Además, todos los días se estrecha el cerco que afecta nuestro juicio porque se relaciona directamente con nuestros sentimientos, no pasa un día sin que los contagios y los muertos se acerquen al círculo de los que queremos, a los que amamos; cada vez el riesgo de la enfermedad toca más cerca a los nuestros, y aún no hemos resuelto cómo hacer que las palabras y gestos de antes funcionen para el ahora para así resignificar el ofrecimiento de estar para quien se contagió, para ayudar y servir a quien sufrió una pérdida o, algo tan simple, tiene miedo.

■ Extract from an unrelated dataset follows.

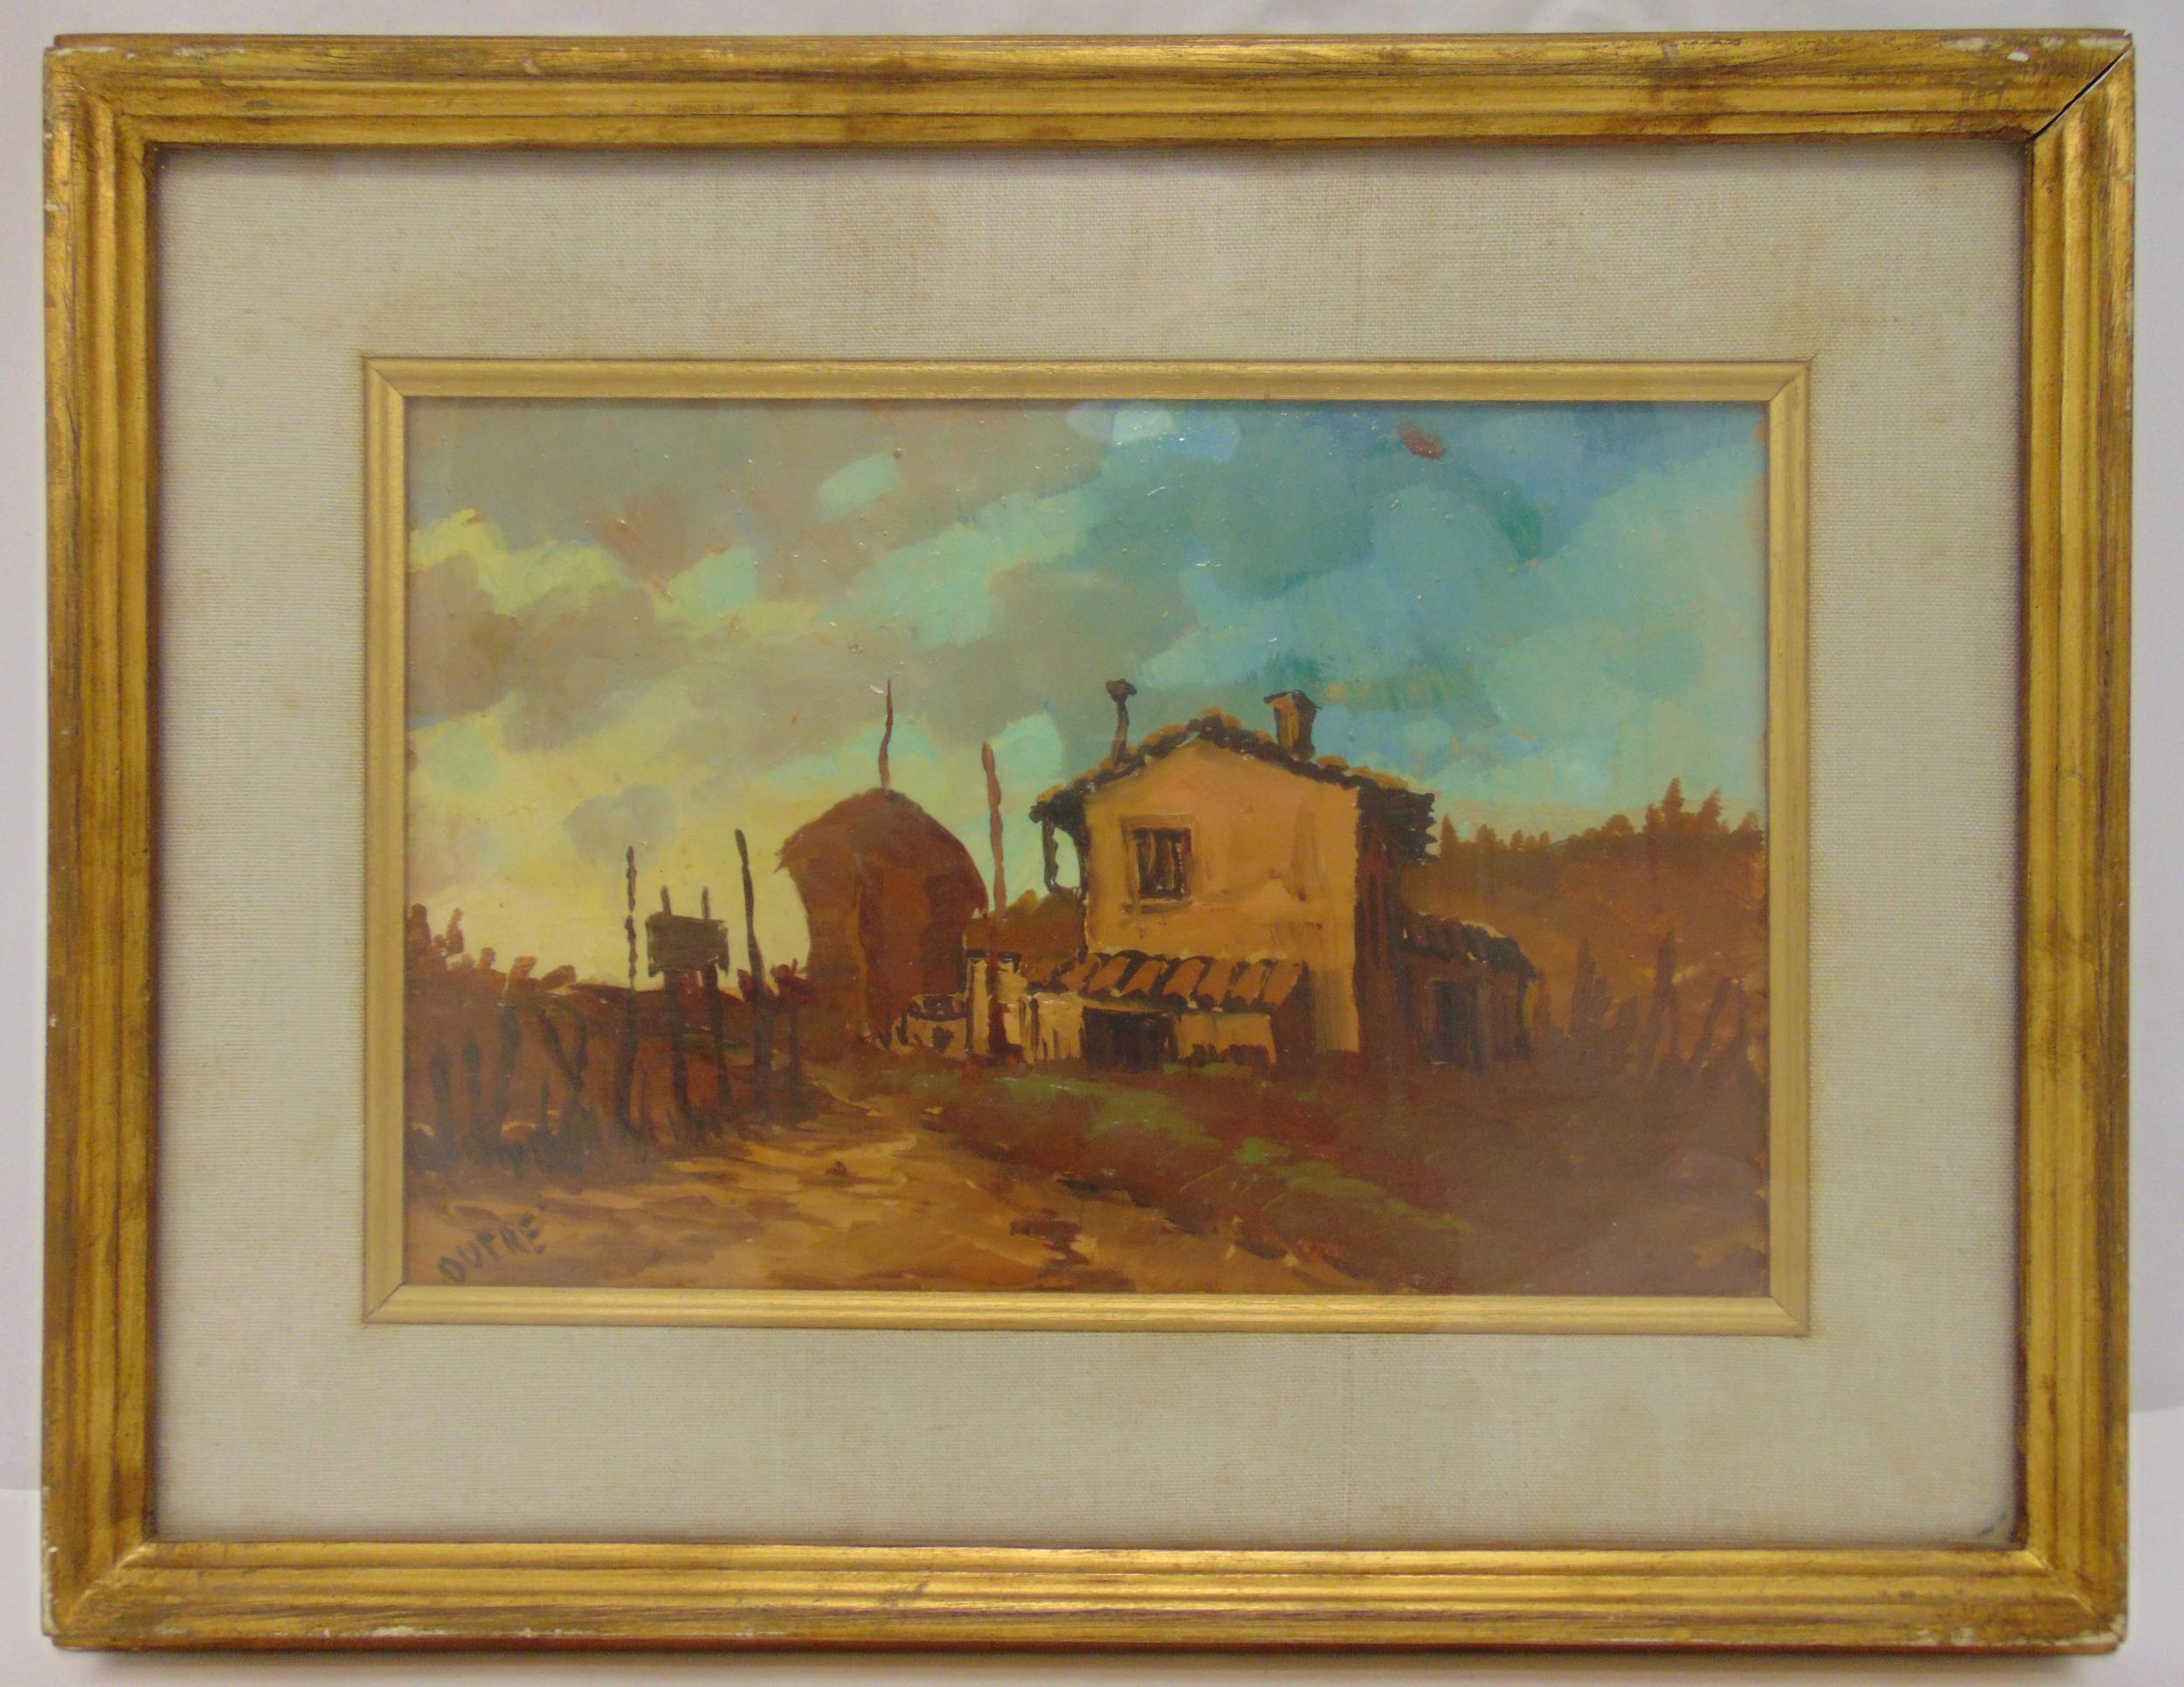 Dupre framed and glazed oil on panel of a farmhouse, signed bottom left, 19 x 29cm

La pandemia ha debilitado nuestro criterio y ya a cualquier cosa le asignamos el valor de información, al grado de permitir la irresponsabilidad de las autoridades de calificar a la variante ómicron como un covidcito que se cura con paracetamol, Vaporub y caricias; queda claro que los gobernantes tienen como obligación no generar pánico, pero hay una brecha enorme entre eso y desestimar la gravedad del contagio, así como ocultar información o señalar que se tiene otros datos.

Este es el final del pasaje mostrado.